ASSIGNED TASK ->
Each record is to be printed again exactly, though not its pictures.

EXTRACTED RECORDS ->
• • •

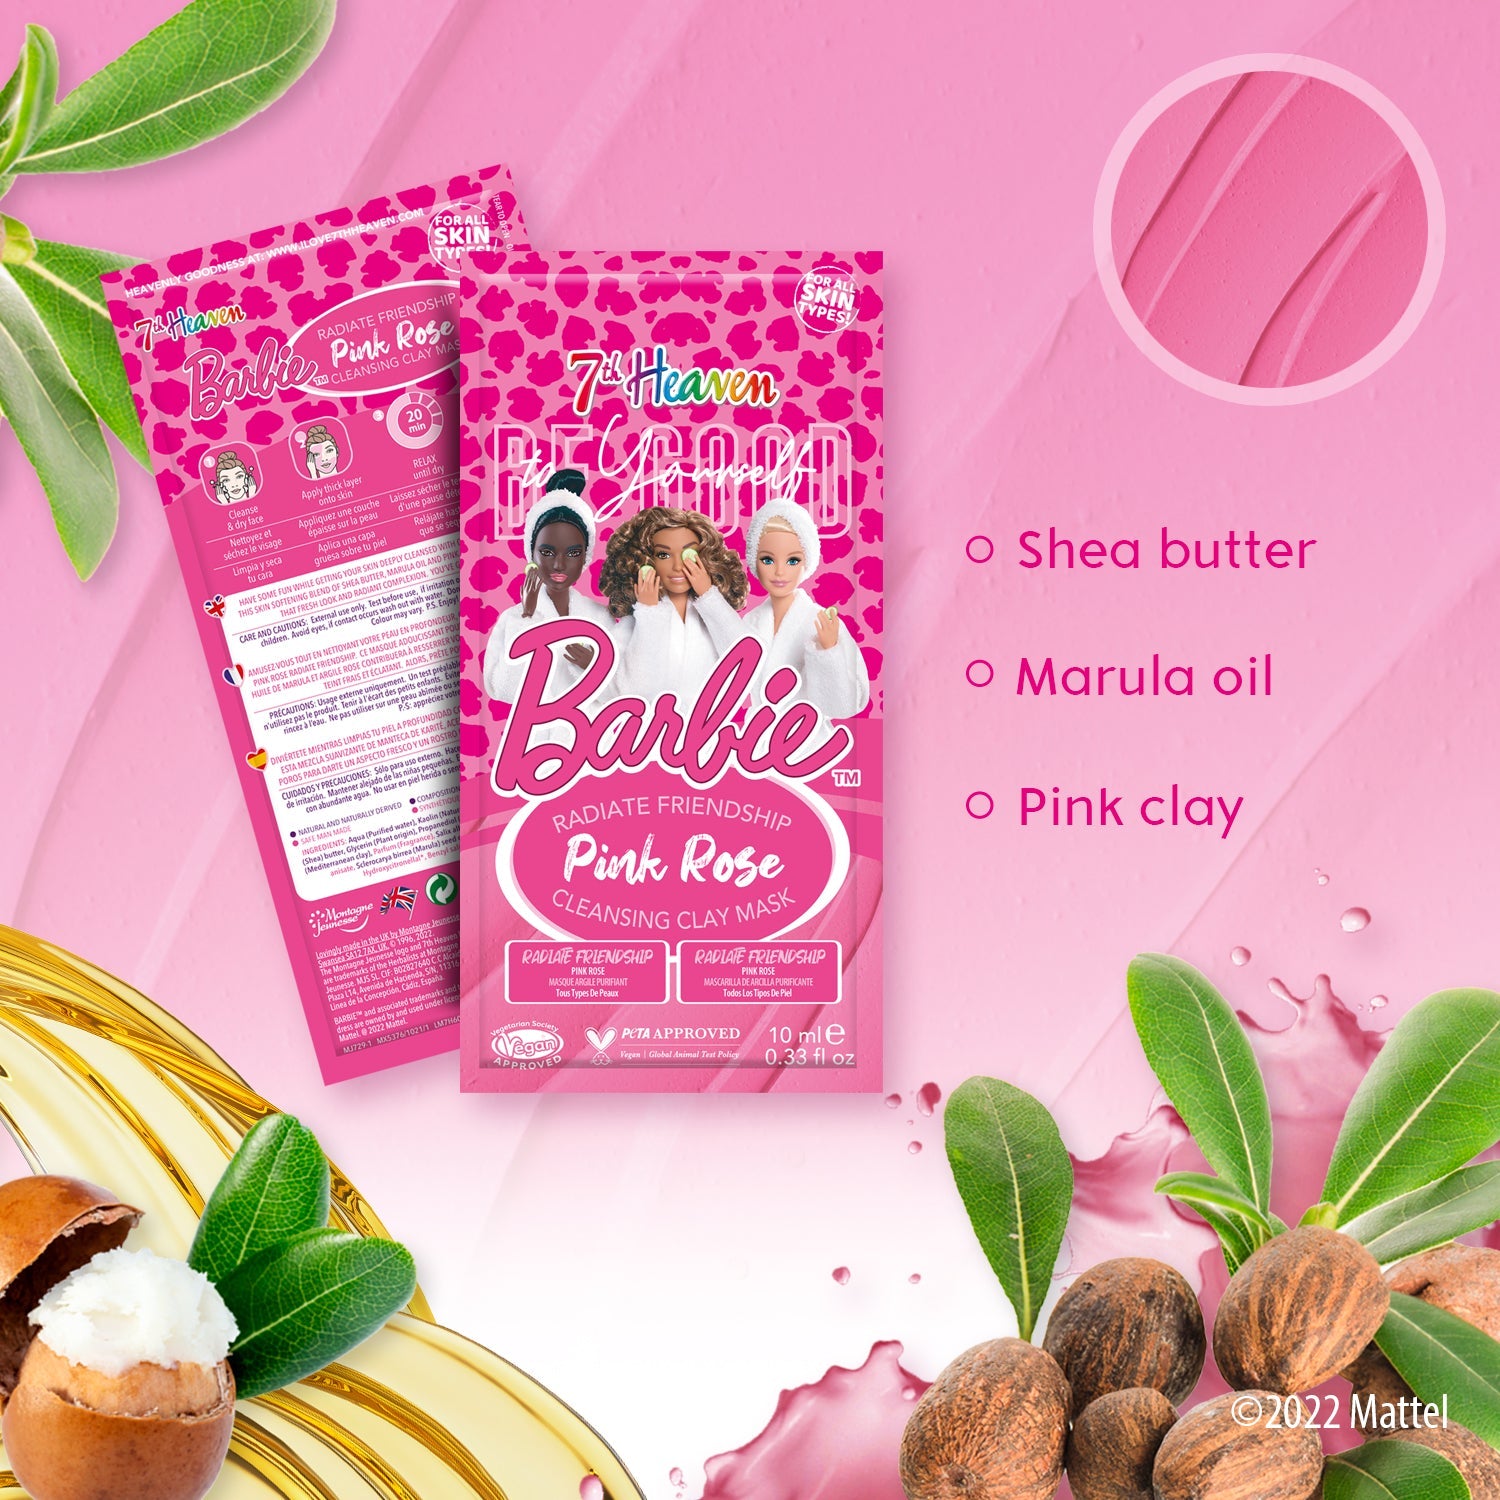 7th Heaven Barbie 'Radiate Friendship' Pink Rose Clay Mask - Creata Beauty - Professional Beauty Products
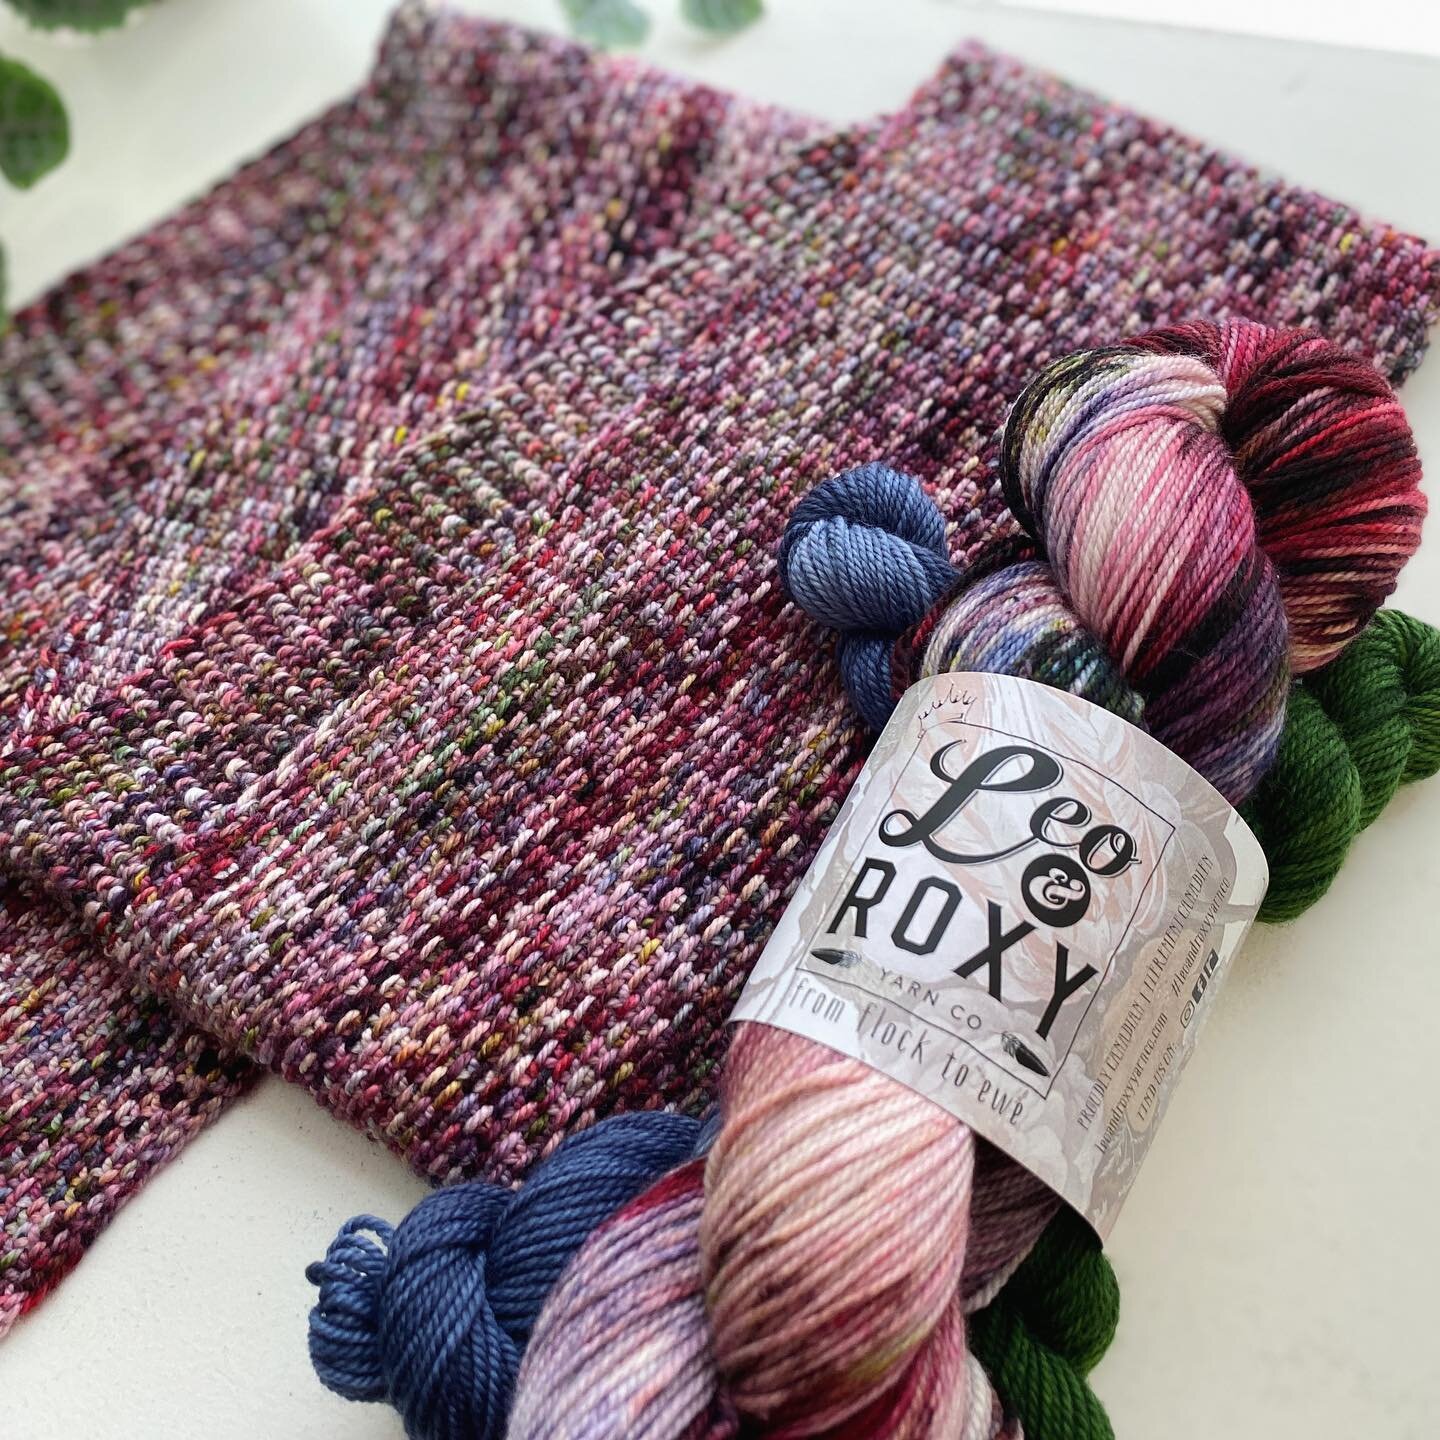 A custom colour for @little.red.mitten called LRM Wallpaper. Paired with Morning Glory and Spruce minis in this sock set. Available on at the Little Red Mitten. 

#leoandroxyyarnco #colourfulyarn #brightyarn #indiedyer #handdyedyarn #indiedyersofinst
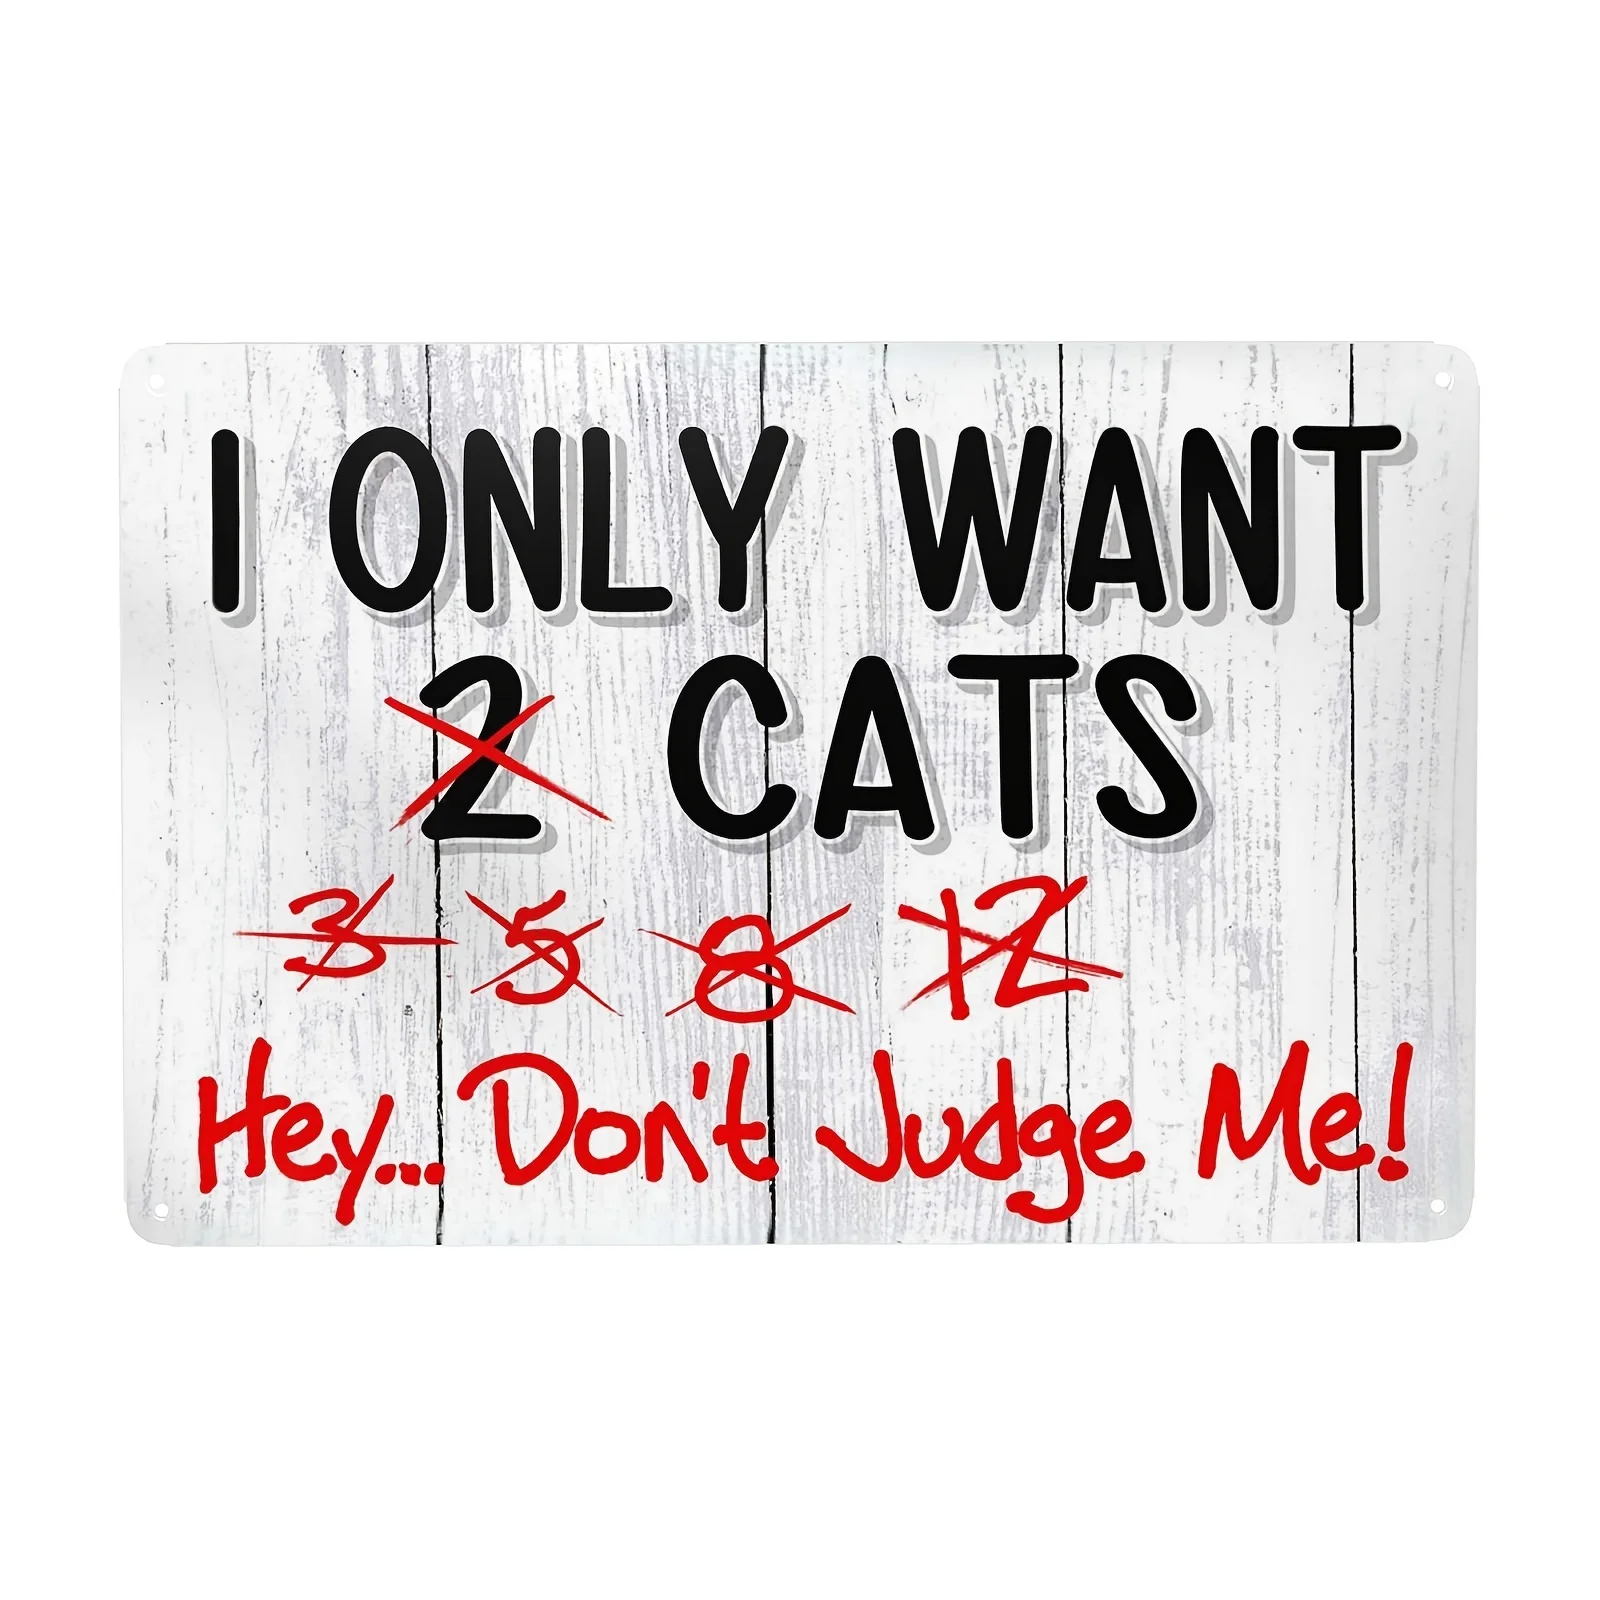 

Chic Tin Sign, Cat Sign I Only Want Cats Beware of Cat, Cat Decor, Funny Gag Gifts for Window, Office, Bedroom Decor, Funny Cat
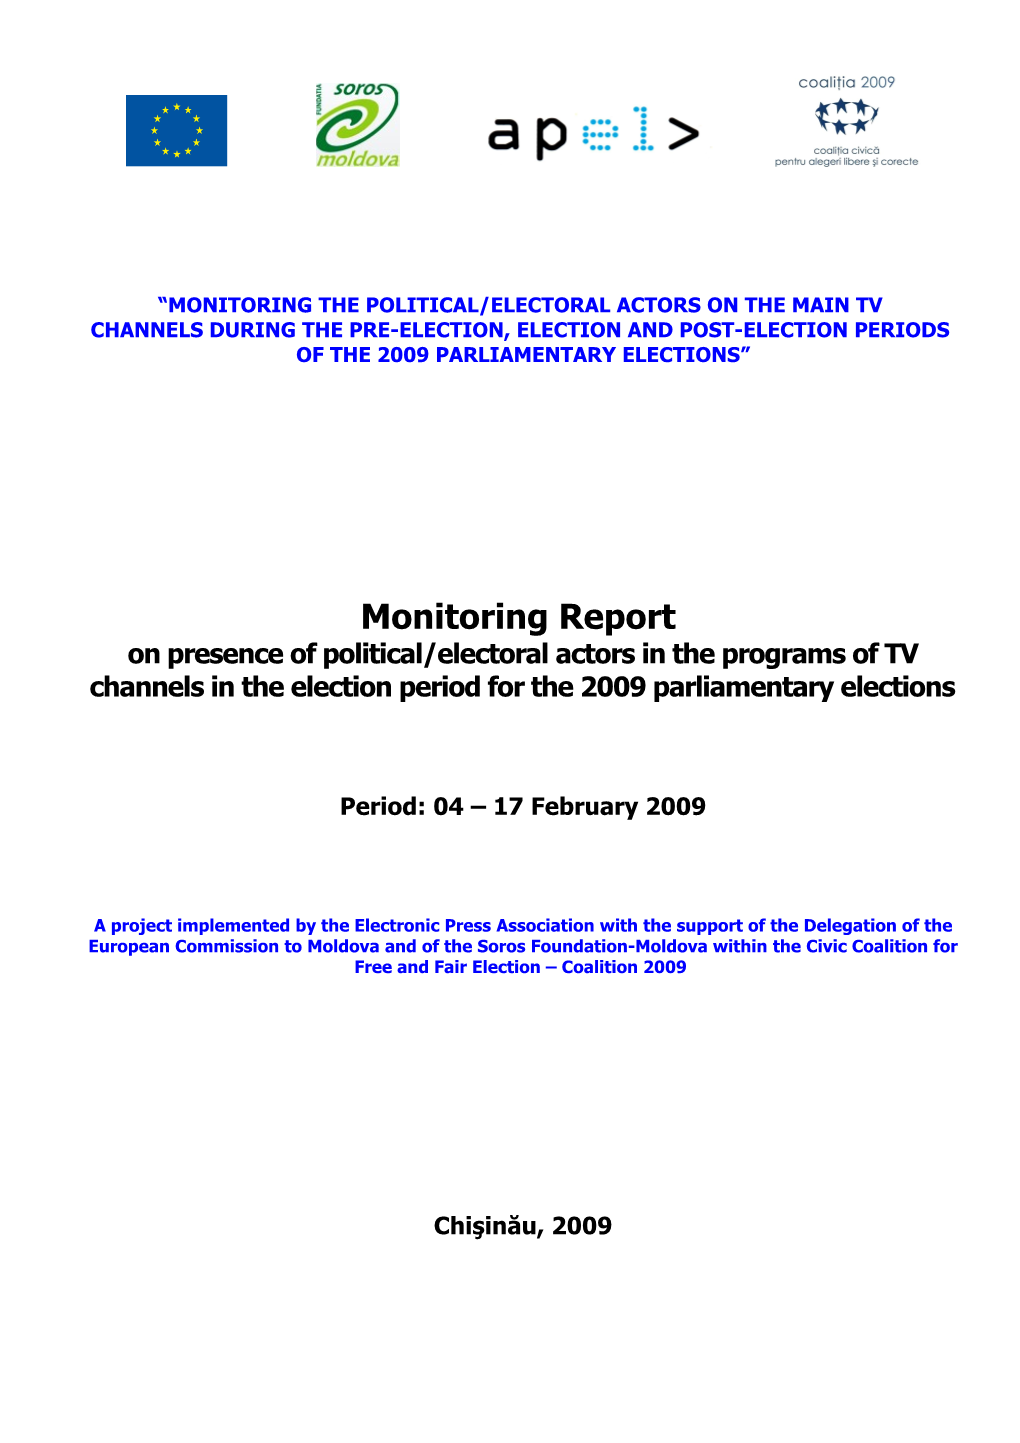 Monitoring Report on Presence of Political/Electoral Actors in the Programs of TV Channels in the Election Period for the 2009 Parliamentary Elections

• • •

YOUR RESPONSE ->
 7th Heaven Barbie 'Radiate Friendship' Pink Rose Clay Mask - Creata Beauty - Professional Beauty Products
 A custom colour for @little.red.mitten called LRM Wallpaper. Paired with Morning Glory and Spruce minis in this sock set. Available on at the Little Red Mitten. 

#leoandroxyyarnco #colourfulyarn #brightyarn #indiedyer #handdyedyarn #indiedyersofinst

Chic Tin Sign, Cat Sign I Only Want Cats Beware of Cat, Cat Decor, Funny Gag Gifts for Window, Office, Bedroom Decor, Funny Cat
 Monitoring Report on Presence of Political/Electoral Actors in the Programs of TV Channels in the Election Period for the 2009 Parliamentary Elections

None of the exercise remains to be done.